A former celebrity-favorite hotel along Dallas’s Stemmons Freeway is in the midst of a major residential transformation. The Cabana Motor Hotel, which once hosted acts like the Beatles and the Monkees and counted Raquel Welch among its cocktail lounge staff, is being converted into a multifamily community.
Opened in 1963, the mid-century modern property has passed through multiple hands over the decades, including a stint under the county jail system. Its latest chapter began after Sycamore Development acquired the asset in 2023 and moved forward with a full-scale redevelopment. The existing structure was completely gutted as part of the effort to convert former guest rooms into rental housing.
Sycamore Development is reconfiguring the building into a 175-unit apartment complex. While the interiors have been stripped back to accommodate residential layouts, the firm has focused on retaining and reintroducing notable design elements from the property’s heyday. According to reporting from the Dallas Business Journal, the redevelopment plan calls for restoring aspects of the building’s historic lighting system and reinstalling a portion of the original signage that once defined the hotel’s presence along the freeway.
The redevelopment team has also restored much of the original pool and surrounding pool deck, preserving a key feature of the property’s resort-style past. The Cabana is listed in the National Register of Historic Places as an example of mid-century modern architectural design, adding a preservation dimension to the adaptive reuse effort. The combination of historic status and residential conversion positions the project at the intersection of heritage conservation and contemporary housing demand.

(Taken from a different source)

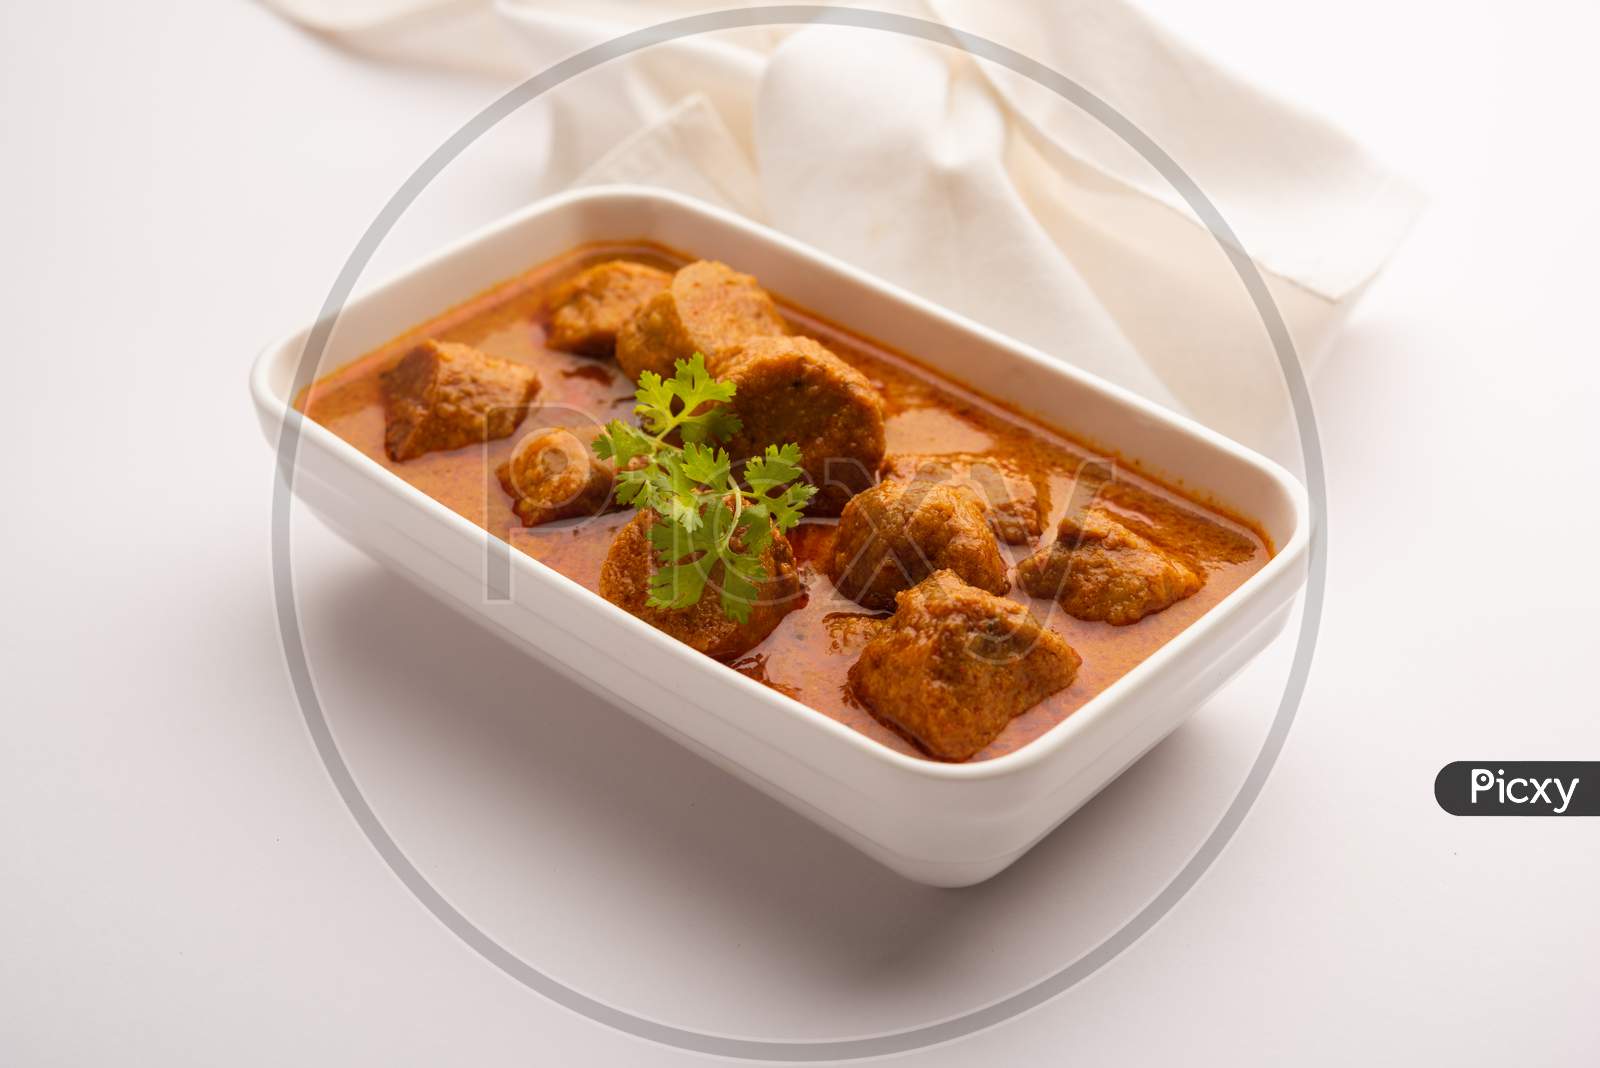 Besan Gatte Ki Sabzi Or Gatta Curry Recipe, Popular Rajasthani Menu For Lunch Or Dinner

The conversion represents a $70 million investment. As construction advances, Sycamore Development is preparing to bring the project to market, with pre-leasing expected to begin this month. Leasing activity will provide an early read on renter demand for units in a redeveloped, historically significant hospitality asset along a major Dallas corridor.
The property’s evolution from a vintage motor hotel to a modern apartment community illustrates how aging hospitality assets can be repositioned to extend their useful life while contributing new housing stock. The integration of restored architectural elements, signage, and amenity spaces such as the pool area reflects an effort to balance contemporary residential use with the site’s mid-century roots.